Kimuri Coffee Factory, owned by Kimuri Farmers Cooperative Society Ltd, is among several factories in the region that have ceased operations due to financial and structural challenges.  

Other factories linked to the Iyego Co-operative Society have transitioned into collection centers to cut costs amid declining production. 

Several other coffee factories in the broader Mt. Kenya region are also struggling with reduced output. Industry experts attribute these declines to poor payment structures, high input costs, and governance challenges. 

Kimuri Coffee Factory became dormant after its cooperative society split from the larger Njora Farmers Cooperative Society Ltd. The separation led to unsustainable operations caused by a declining membership, reduced coffee production, and ineffective governance. 

Earlier this week, President Ruto highlighted his administration’s efforts to improve coffee payment timelines, reducing the waiting period from six months to five days for cooperatives. By June, he plans to ensure that payments are made directly to farmers within five days.  

“The coffee used to be paid after six months; today, it is paid after five days to cooperatives.
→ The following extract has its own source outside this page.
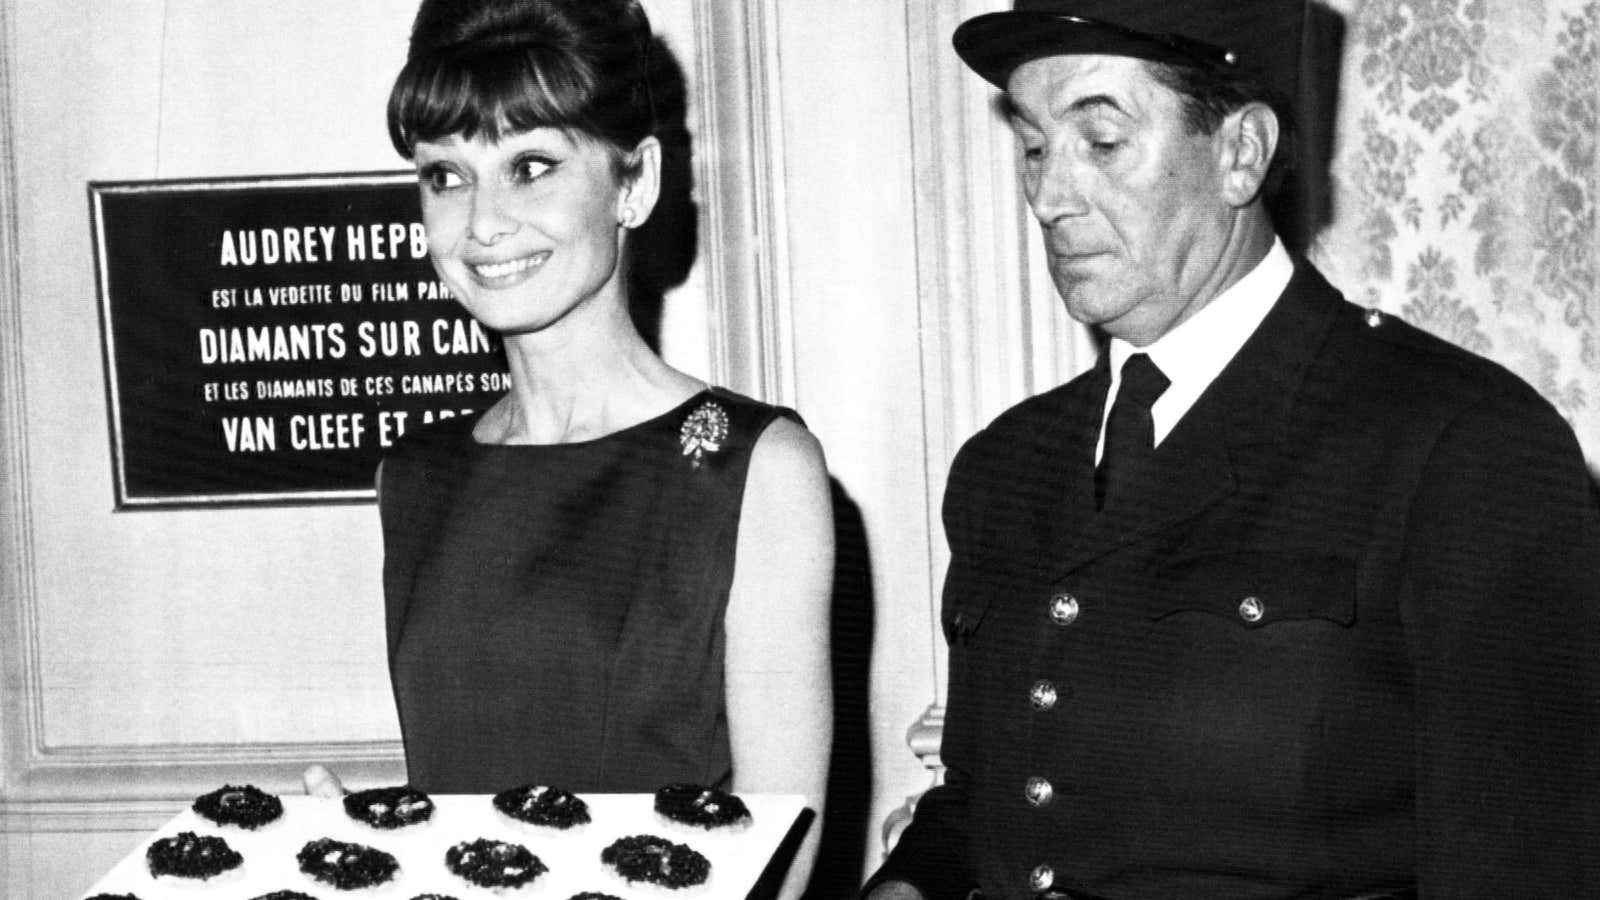 Audrey Hepburn presents $600,000 worth of diamonds on caviar sandwiches during a cocktail party at the Plaza Athenee Hotel in Paris, Jan. 12, 1962.

My plan by June is that the money will not be paid to cooperatives; it will be paid to the farmer after five days. The price of coffee has risen to Kes 110,” Ruto said. 

Between October 2024 and February 2025, coffee factories auctioned 375,843 bags, weighing 22,528,988 kg, at the Nairobi Coffee Exchange (NCE).  

The coffee generated Kes19.3 billion (US$149.3M), with a 50 kg bag selling at an average price of Kes42,885 (US$331.8). 

NCE CEO Lisper Ndung’u noted that the market has performed well, with high-quality coffee fetching premium prices. She encouraged farmers to follow guidance from agricultural officers to enhance their earnings.